姬陶没有接她这半句绕,只看着她:“名字。”
偏室里静了一息。
那妇人终于抬起眼来。灯火照进她眼底,那点压了许多年的灰冷里,慢慢浮出一点发白的疲色。
“我是郐夫人。”
灯芯轻轻爆了一声。
屋里那层静便更沉了。
姬旋没立刻动。她看着案前那张脸,耳边先是一空,跟着才听见灯芯细细炸开的那一声。袖里的手指一下收紧,甲尖抵进掌心。
那妇人没有等他们再问,眼睛仍落在整玉上。
“这玉,是先君留给我的。”
她说得很轻,轻得像那玉不是留给她的,是从她心口里挖出来的一截旧物。
姬陶眼色更沉,手却没去碰玉。姬旋看见他腕骨微微绷着,便知他心里那根线已被拽紧了。
“留给你?”她开口。
那妇人点了一下头。
“进郑门时,我身上什么都没有。”她道,“后来……不是后来,是出事前,他才把这块玉给了我。那时我也没想到,会留到今日。”
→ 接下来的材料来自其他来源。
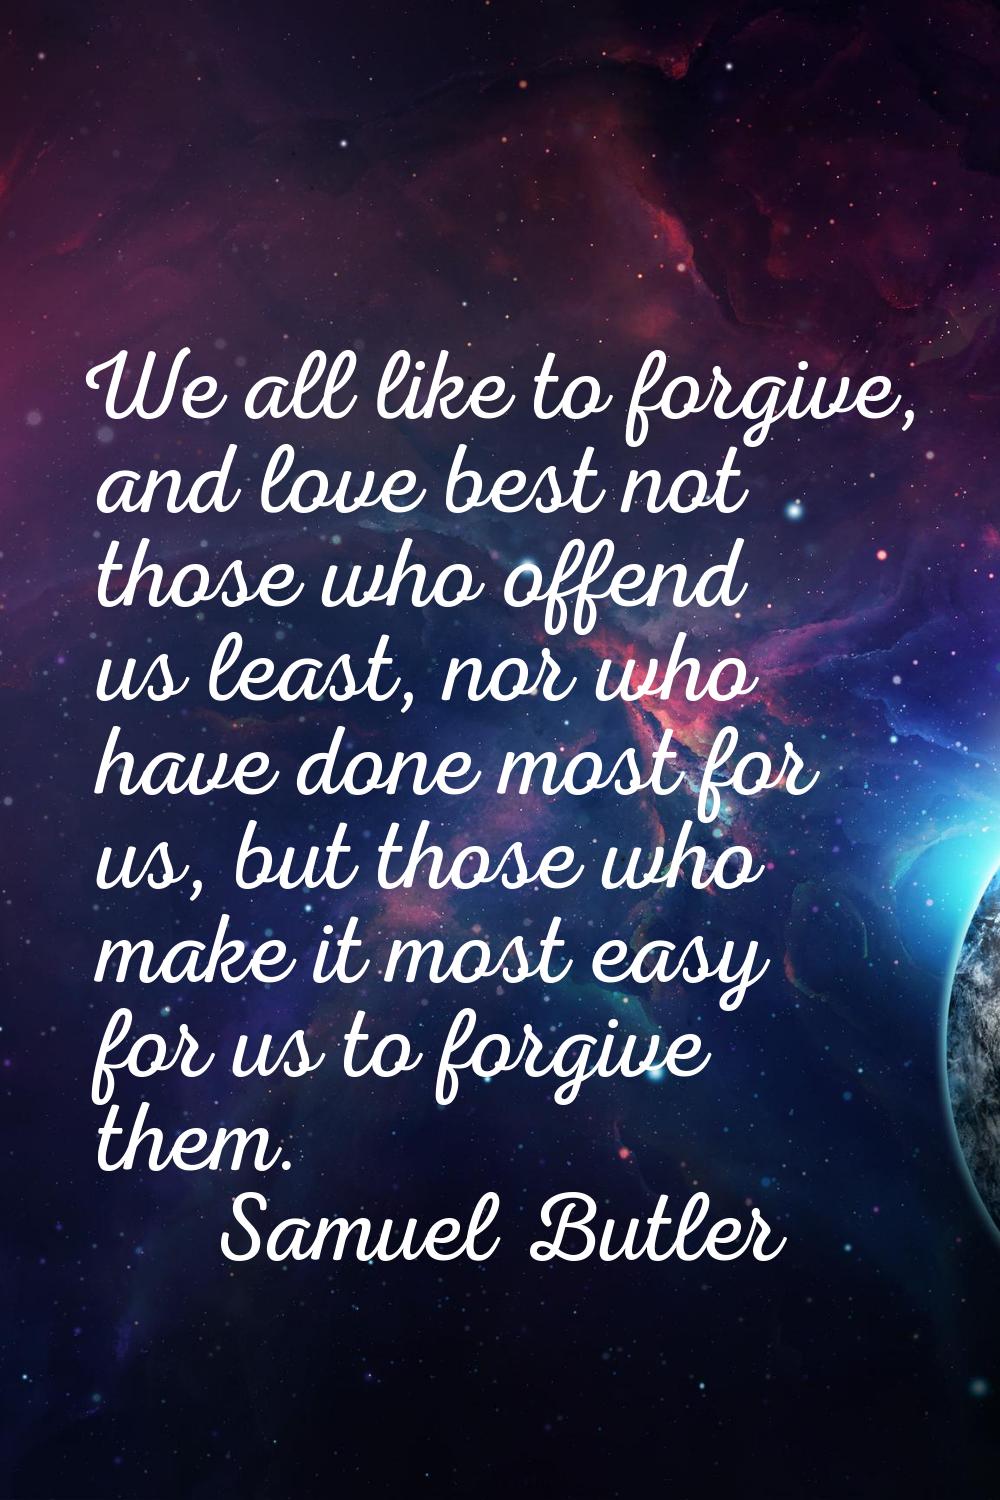 We all like to forgive, and love best not those who offend us least, nor who have done most for us,

她说到这里便停了,没再往下讲那玉是在什么地方给的,给的时候灯是亮是暗,人是站着还是坐着。可这一句已经够了。不是外头传进来的旧物,不是先夫人替她收着的东西,是先君亲手留给她的。
姬旋的目光从她脸上移到玉上,胸口一点点发闷。
她记得先母看人时的眼神。冷,静,不多一句。如今案上摆着玉,摆着药囊,案前这女人又这样站着,姬旋只觉喉头发紧,像小时候那扇总关得极稳的苑门,忽然在眼前开了一道缝。
她这一口气还没咽下去,姬陶已往前逼了一步。
“你若只是郐夫人,”他看着那妇人,“先夫人未必把你压到今日。”
那妇人肩头极轻地僵了一下。
灯下,她的唇色更淡了,眼却慢慢垂下去,落到右边那只药囊上。那只药囊是从她贴身小绢包里翻出来的,离她不过一臂远,偏偏像隔着很多年。
“你留在郑门里,”姬陶又道,“不只隔着这枚玉。”
姬旋接了过去,声音也压得很低:“你若只是一口旧债,先母不会把你连着名字一道留在苑里。”
这一句出去,那妇人的肩背终于塌了一线。
她没有立刻看姬旋,也没有看姬陶,只盯着案前那一点灯影,盯了许久,才慢慢吐出一句:
“那孩子一落地,就不能沾我这边的名。”
这句话一落,姬旋身子先是一紧。
她盯着案前那妇人,话几乎是立刻追出来的:“那个孩子现在在哪里?”
那妇人抬眼看了她一下。
这一眼短,却像知道再往下每个字都压着人命。她眼底那点硬意浮了一瞬,又沉回去。
“先夫人把他记在她陪嫁来的媵妾名下。”她道,“门里一直这么记。”
姬旋指尖在膝上猛地一扣。
陪嫁来的媵妾——这件事她当然知道。门里一直都这么叫,簿上也一直这么记。那女人话少,身子也弱,平日多半跟在先母身后,替先母收衣、递盏、看着小儿。原繁小时候,也确实总往她怀里去。后来那女人病死,原繁便成了没娘的孩子。那时她还不大,却记得原繁站在廊下,手里攥着半块饼,一声不吭,谁问都只摇头。
那几年,她常带着两个弟弟在廊下、庭中、旧苑门口转。
姬陶那时就胆大,什么地方都敢翻,什么规矩都敢碰一碰,挨了斥也不肯老老实实收住,眼里总有一股不肯照别人意思活的劲。原繁却不是。他更安静,也更会看人脸色,听见脚步便先站好,见着长辈先把话收半句,连笑都轻些,像很早就知道,有些东西不是他的,便不能往前抢。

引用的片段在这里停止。